Recently I was asked to find local Muslims to attend the Interfaith Center of New York’s Marshal Meyer’s retreat-- Cultivating Hope: Planting Seeds of Environmental Justice in NYC. I realized that I am not aware of local imams who have made this their issue. I hope I will hear of some? Syed Hossein Nasr has written eloquently on the environment but he is in Washington DC. We need more of us to care. I do hope that after their graduations at least some of our brothers and sisters are planning to work in green fields.

On June 1, Neil MacFarquar wrote in the New York Times that, “As the first generation of American-born Muslims begins graduating from college in significant numbers, with a swelling tide behind them, some congregations are beginning to seek native imams who can talk about religious and social issues that seem relevant to young people, like dating and drugs. Gihan Zahran, 43, an Egyptian immigrant, remembers a previous Arab imam who even told a much perplexed teenager that wearing Nike shoes was “haram,” or forbidden in Arabic, without explaining why.”

The article was an important reminder of a serious problem—that many of our imams are not equipped to offer practical guidance and informed interpretation to today’s Muslim youth and families. Two Fridays ago I attended a mosque in Brooklyn’s Bay Ridge, and the Khotba was in angry Arabic. It was painful. It is not helpful that many old-school Arab leaders seem to stereotype and blame all Jews equally.

While I agree that Muslims need to organize more effectively around Palestinian rights, I do not wish to mix my worship of Allah with such extreme negativity. More light! There are so many reasons to be angry and fearful. The USA is already in Somalia with Task Force 150 bombing “radicals” and killing US and Swedish and Yemeni volunteers and of course Somalis. We all need more sunlight, and less Fire!

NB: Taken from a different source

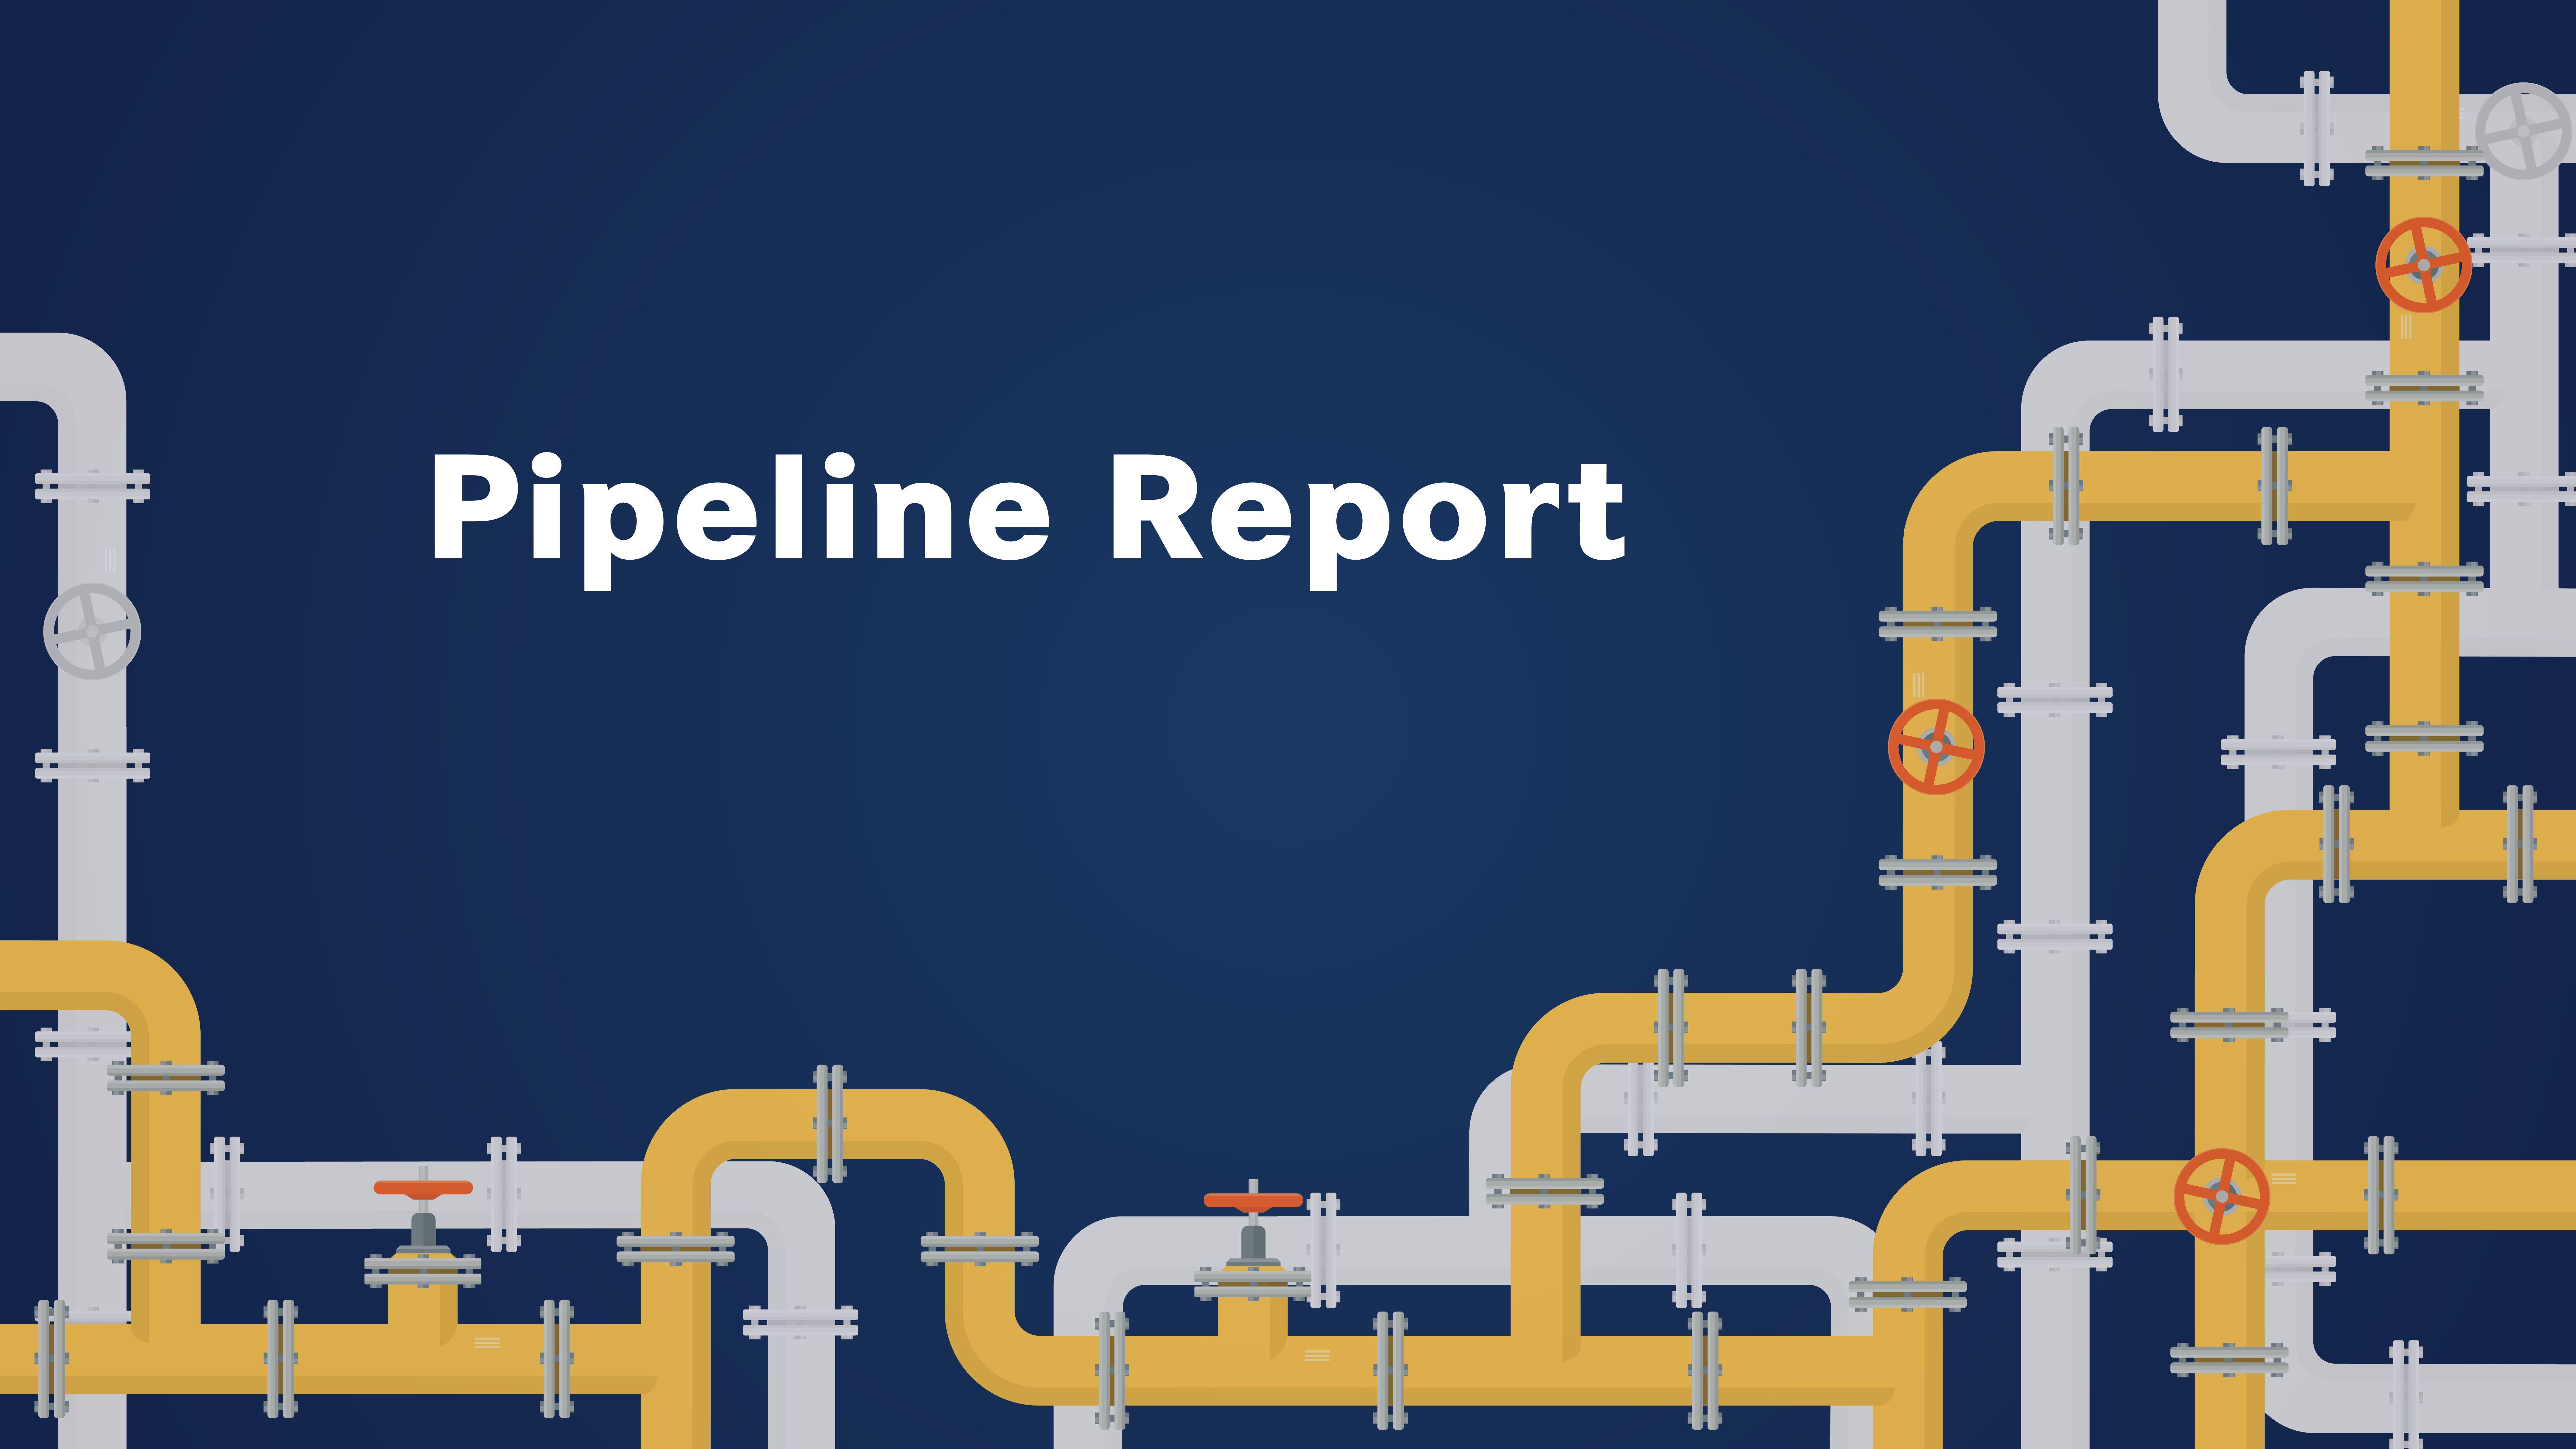 Pipeline Report | <b>Pipeline Report: November 2020</b>

And what are the paths through fire to love and family? Who can guide us? How do we find our own ways through red river valleys and along the sandy shores? We cannot standardize all teaching, nor support the malling of Islam. Humanity comes in many shapes and sizes, strengths and weaknesses. We need very specific and individual guidance. There are compassionate accommodations to human needs –Islamic ones, ranging from multiple marriages under certain conditions, to (possibly) temporary marriages among the Shia. There have also been non-Islamic ones, like the Hippies’ summer of Love, the utopian experiments in the 19th Centuries. But that dream is faded; Free Love has now been replaced by Sex that Sells. We must beware of the manipulations of our capitalist merchant class, afflicting all around us with desire.

The Poet Dante celebrated the tragic damnation of two lovers, Paolo and Francesca, doomed to ride the whirlwind of their desires for all eternity. And yet the forces of repression and inhibition create their own unhealthy climate, and to save us, cocoon us inside toxic trailers.

And in our trailers all families are not the same. Family life is not always healthy. The youngest detainee Omar Ahmed Khadr has been in Guantanamo since he was arrested at age 15. He comes from a so-called “al Qaeda family” originating in Canada before moving to Afghanistan. According to prosecutors: “All the children were indoctrinated into the al Qaeda way of thinking.” However, after being “captured bloodied and bullet riddled”, half-blind Omar will now be “tried” as an adult, a practice increasingly common in the USA as well as in the legal hellhole of Guantanamo.

Child exploitation comes in so many forms—child soldiers, child labor, child camel jockeys, and children detainees denied international rights. May Allah grant us the wisdom to find our inner child, and to speak more gently, with more compassion. The seed is the future of the flower. The Child is father of the Man.